Simulation#
In the most common case, you add appropriate controllers for one or more robots, either by sub-classing or by assigning callbacks.
Then, you set up the world, adding as many objects as needed.
Finally, you may run and visualize the simulation in real time, or in batch-mode with pyenki.World.run() or by calling pyenki.World.step() in a loop.
Minimal Thymio#
In this example, two Thymio robots exchange IR messages, which we log at each time step. This is the Python equivalent to the C++ example
import math
from typing import cast
import pyenki
def log(thymio: pyenki.Thymio2, time: float) -> None:
events = thymio.prox_comm_events
if not events:
return
print(f"At time {time:.1f}, Thymio {thymio.name} received msgs")
for e in events:
print(
f"- value: {e.rx_value}, payloads: {e.payloads}, intensities: {e.intensities}"
)
def main() -> None:
dt = 0.1
world = pyenki.World()
for i, (x, theta, tx) in enumerate(
zip((100, 115, 130), (0, math.pi, 0), (111, 222, 333),
strict=True)):
thymio = pyenki.Thymio2()
thymio.name = f"#{i}"
thymio.position = (x, 100)
thymio.angle = theta
world.add_object(thymio)
thymio.prox_comm_enabled = True
thymio.prox_comm_tx = tx
print("Start Simulation")
for i in range(15):
world.step(dt)
for robot in world.robots:
log(cast('pyenki.Thymio2', robot), dt * i)
print("End Simulation")
if __name__ == '__main__':
main()
Hello Thymio#
In this example, a Thymio will advance as long as there is not an obstacle (a wall) in front of it, when it will stop and switch the LED color to red from green.
import math
import sys
from typing import TYPE_CHECKING, SupportsFloat
import pyenki
if TYPE_CHECKING:
from pyenki.viewer import CameraConfig
# The world update step will call `control_step` automatically
class ControlledThymio2(pyenki.Thymio2):
# This is the method we have to overwrite
# to implement a controller.
def control_step(self, time_step: SupportsFloat) -> None:
# Check if there is an obstacle in front of us
value = self.prox_values[2]
if value > 3000:
# A lot of light is reflected => there is an obstacle,
# so we stop and switch the LED to red
speed = 0.0
self.set_led_top(red=1.0)
else:
speed = 10.0
self.set_led_top(green=1.0)
self.left_wheel_target_speed = speed
self.right_wheel_target_speed = speed
def setup() -> pyenki.World:
# We create an unbounded world
world = pyenki.World()
# We add a Thymio at the origin,
# which can optionally use Aseba-like units and types.

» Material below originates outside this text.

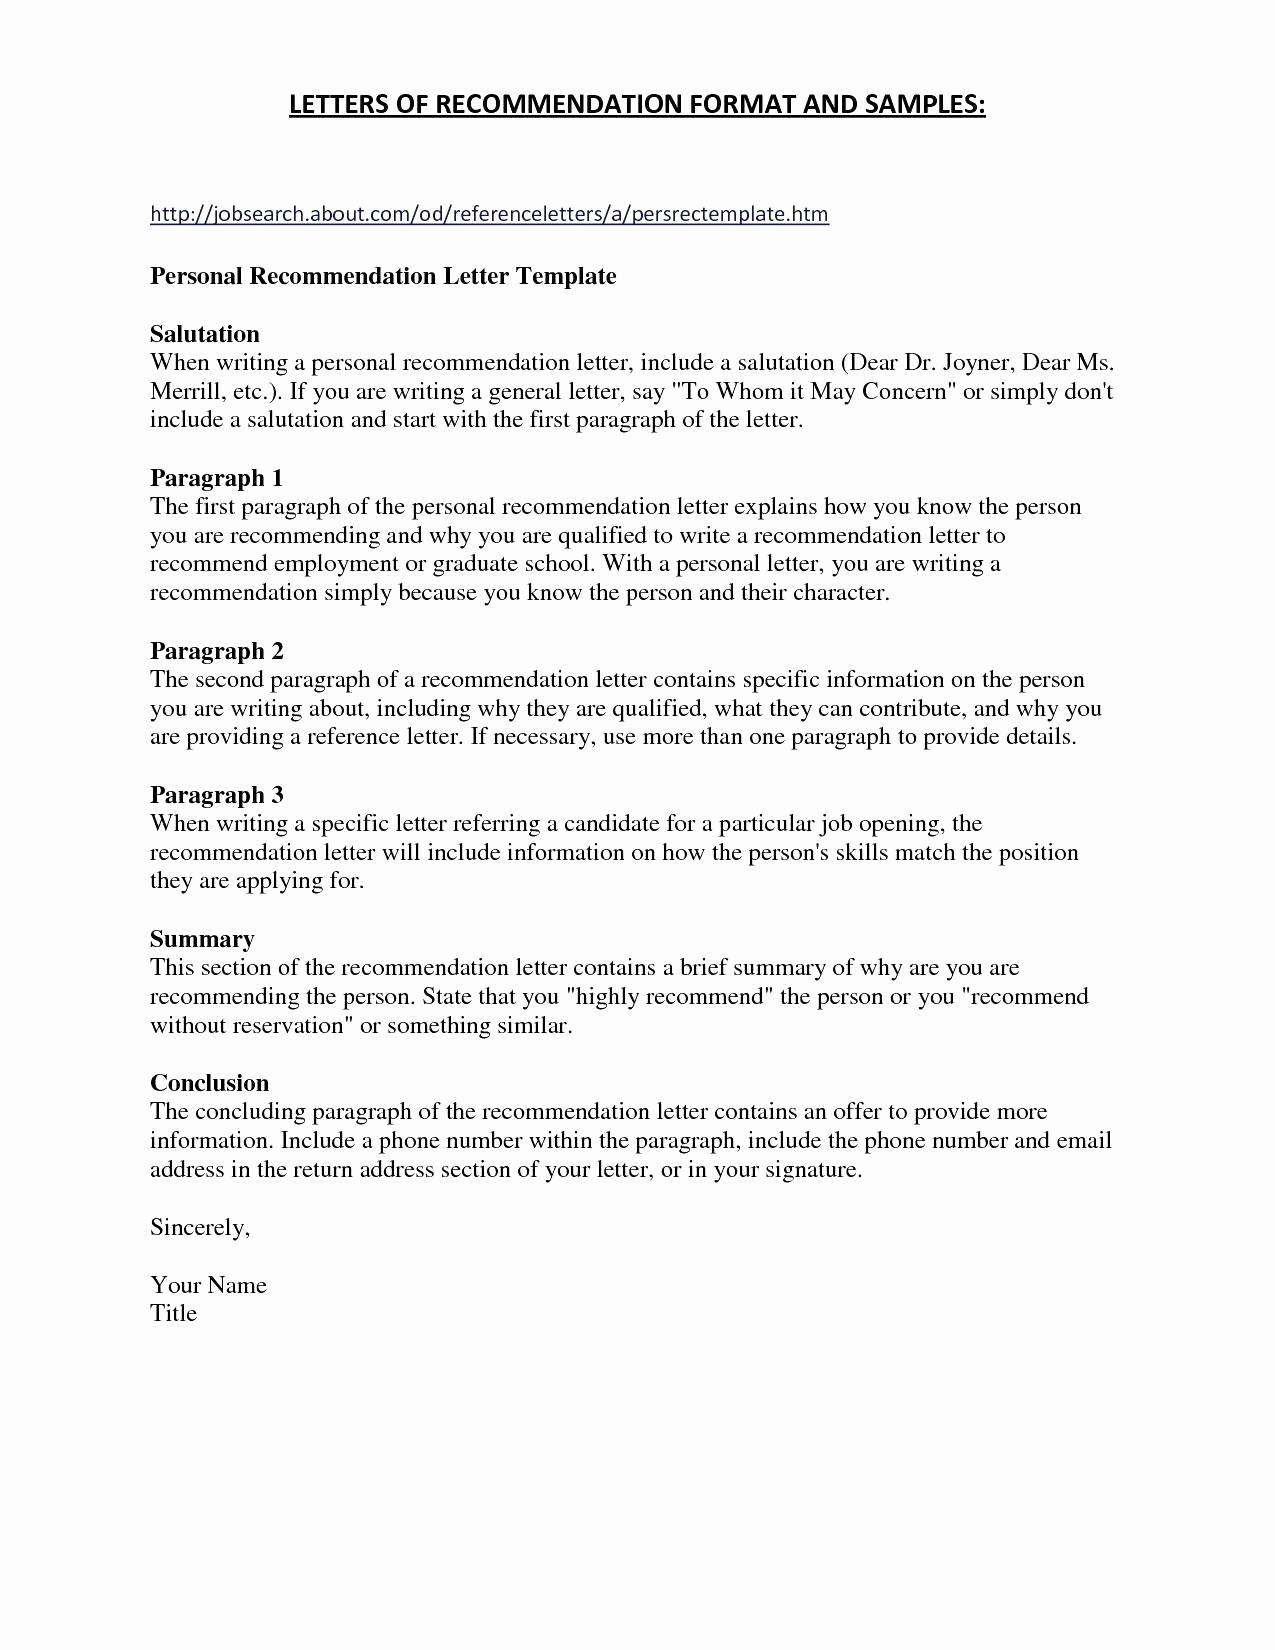 Insurance Referral Letter Template - Thank You Letter Template Jossgarman Jossgarman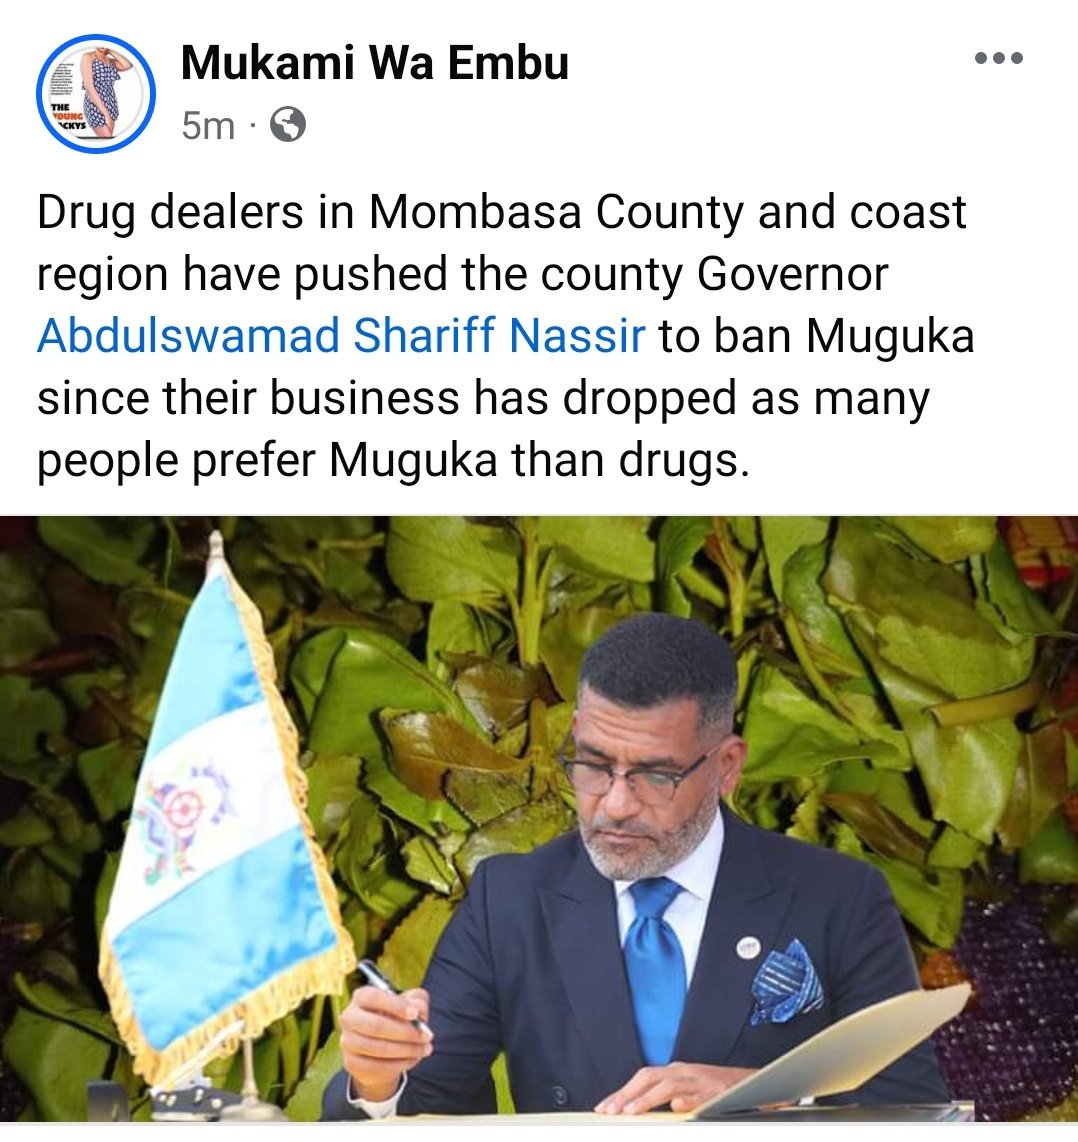 Drug dealers in Mombasa County and the coast region have pushed the county Governor @A_S_Nassir to ban Muguka since their business has dropped as many people prefer Muguka than drugs.

thymio = ControlledThymio2()
thymio.position = (0, 0)
thymio.angle = 0
world.add_object(thymio)
# and a wall a bit in forward, in front of the Thymio.
wall = pyenki.PhysicalObject(lx=10,
ly=50,
height=5,
mass=1,
color=pyenki.Color(0.5, 0.3, 0.3))
wall.position = (30, 0)
world.add_object(wall)
return world
def main(duration: float = 10, dt: float = 0.1) -> None:
gui = '--gui' in sys.argv
video = '--video' in sys.argv
ortho = '--ortho' in sys.argv
world = setup()
camera_config: CameraConfig = dict(camera_position=(0, 0),
camera_altitude=70.0,
camera_yaw=0.0,
camera_pitch=-math.pi / 2,
camera_is_ortho=ortho)
if gui:
import pyenki.viewer
# We run a simulation [in real-time] inside a Qt application
pyenki.viewer.run_in_viewer(world,
time_step=0.1,
walls_height=10,
duration=duration,
**camera_config)
elif video:
import pyenki.video
import pyenki.viewer
# We generate a video
v = pyenki.video.make_video(world,
time_step=0.1,
walls_height=10,
duration=2,
width=1280,
height=720,
**camera_config)
v.write_videofile('hello_thymio.mp4', fps=30)
pyenki.viewer.cleanup()
else:
# We write our own loop to run the simulation as fast as possible.
steps = int(duration // dt)
for _ in range(steps):
world.step(dt)
if __name__ == '__main__':
main()
Launching it with --gui will visualizes a real-time simulation.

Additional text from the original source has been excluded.